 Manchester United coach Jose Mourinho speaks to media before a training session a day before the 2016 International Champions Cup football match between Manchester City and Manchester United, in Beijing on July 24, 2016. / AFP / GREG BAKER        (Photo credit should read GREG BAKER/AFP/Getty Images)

--

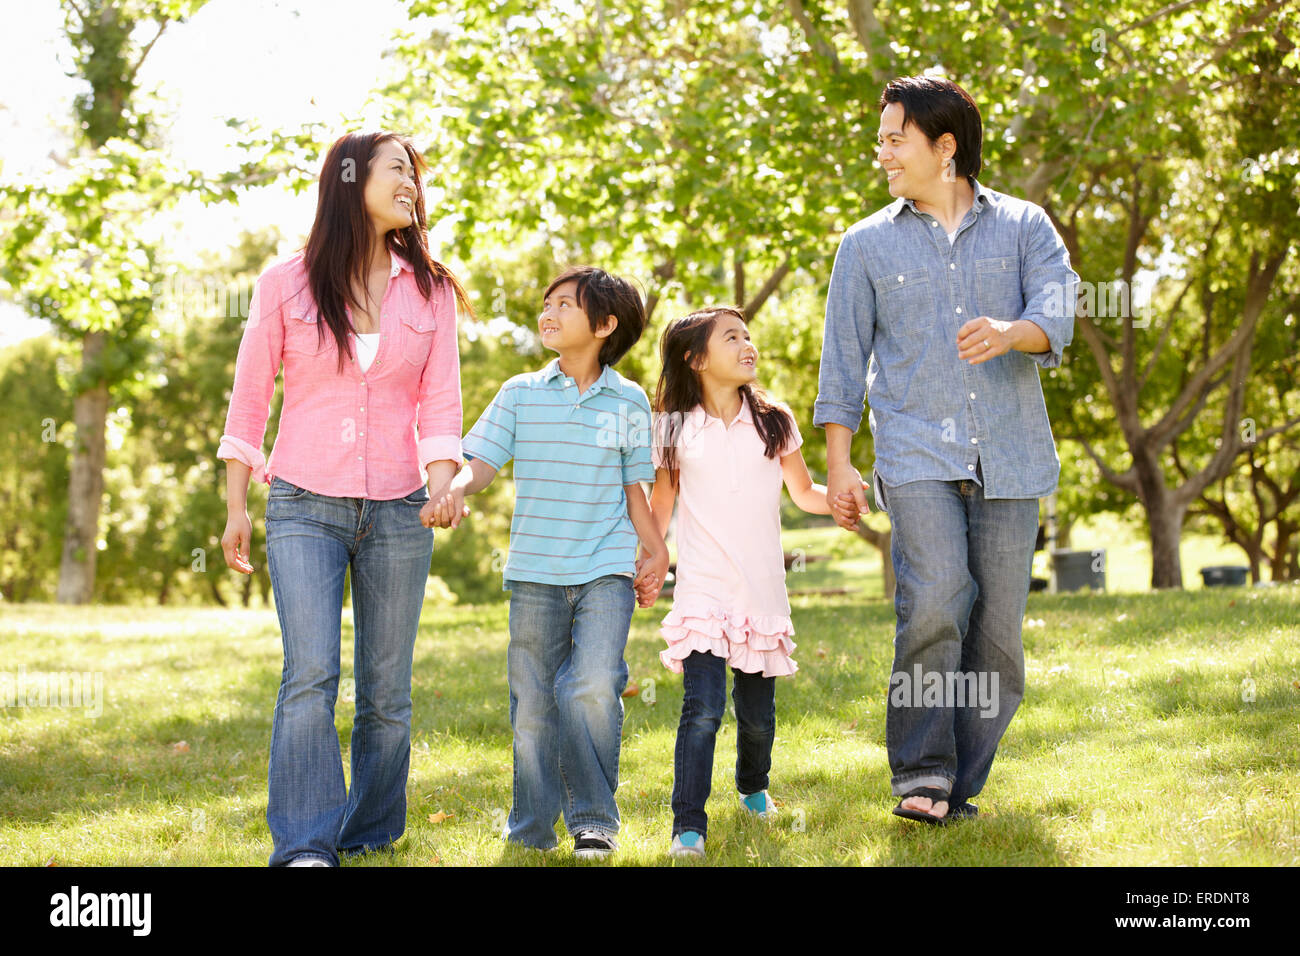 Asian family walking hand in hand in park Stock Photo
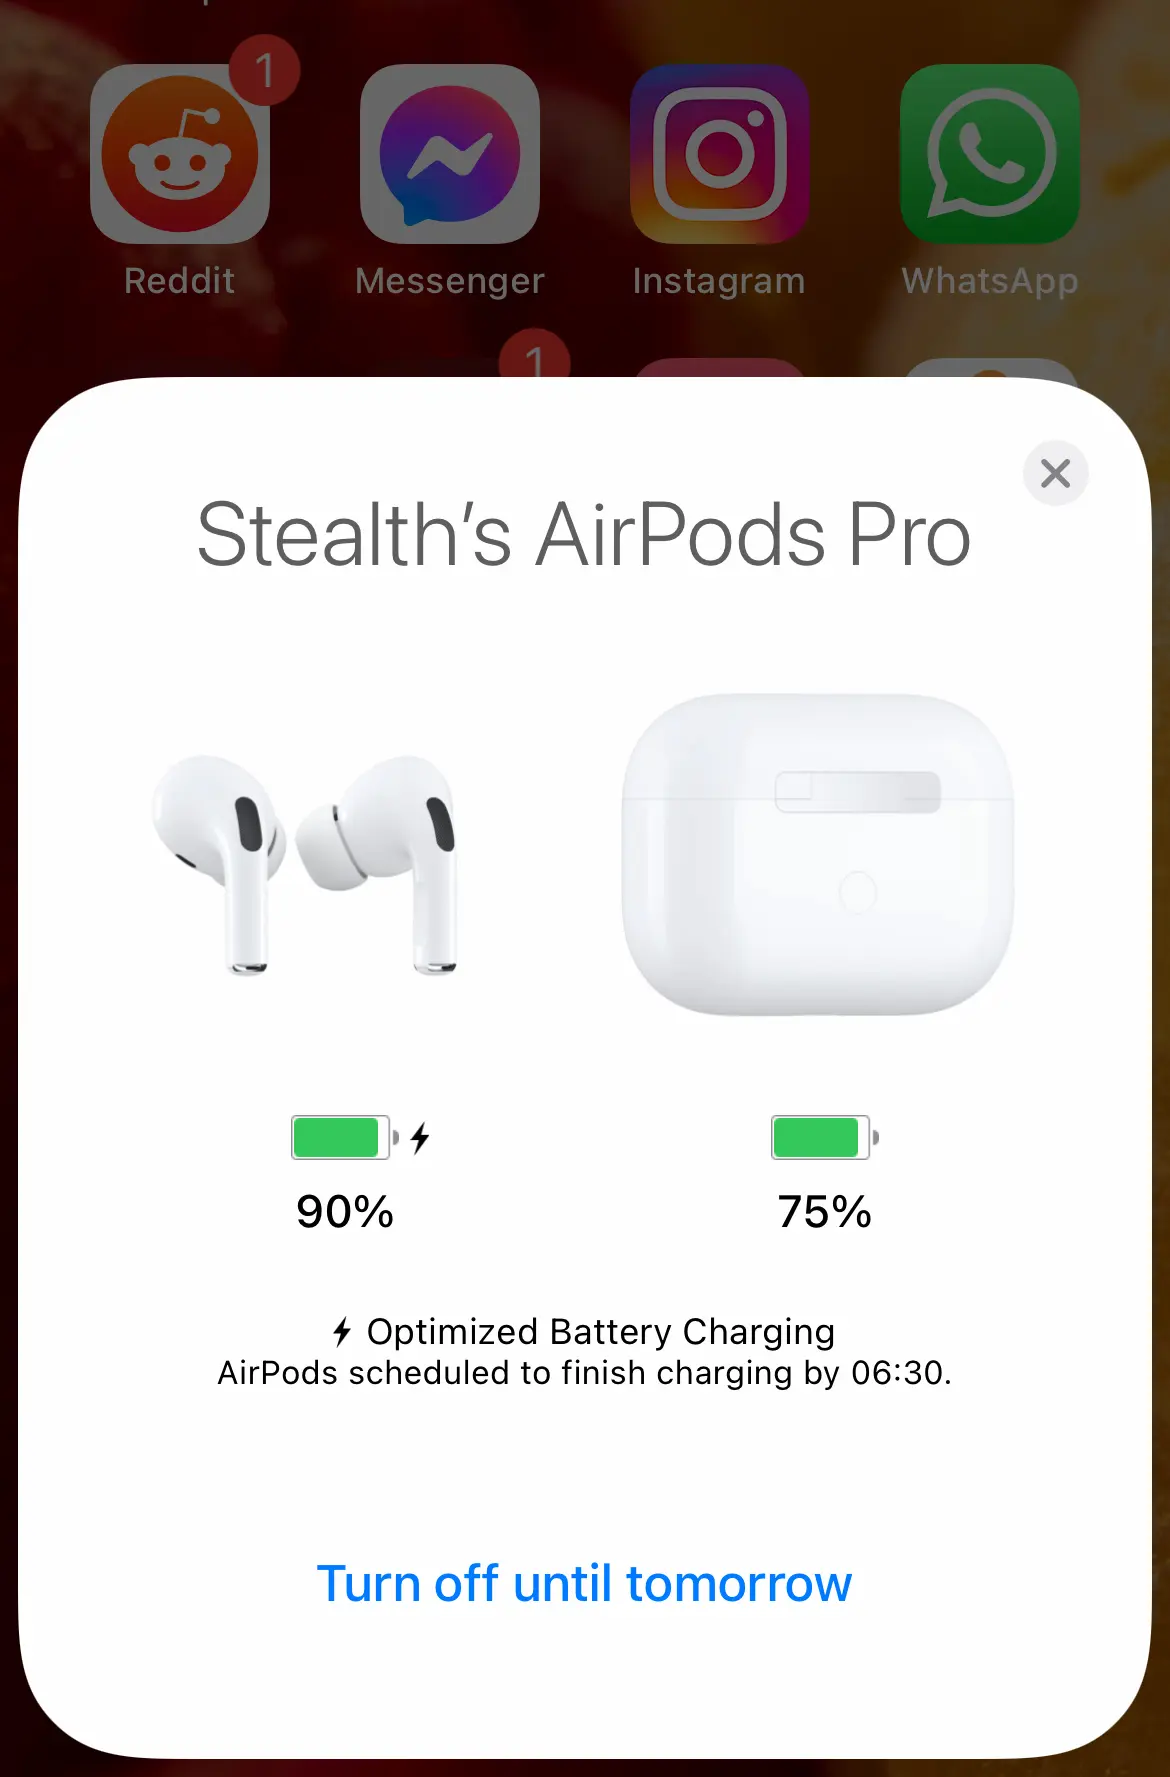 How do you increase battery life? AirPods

▶ Aim of the task:
Copy out the listing above from the line containing "Asian family walking" to the line containing "How do you increase battery life? AirPods", both included, exactly as written and minus the images.

▶ Solution for this exercise:
 Asian family walking hand in hand in park Stock Photo
 How do you increase battery life? AirPods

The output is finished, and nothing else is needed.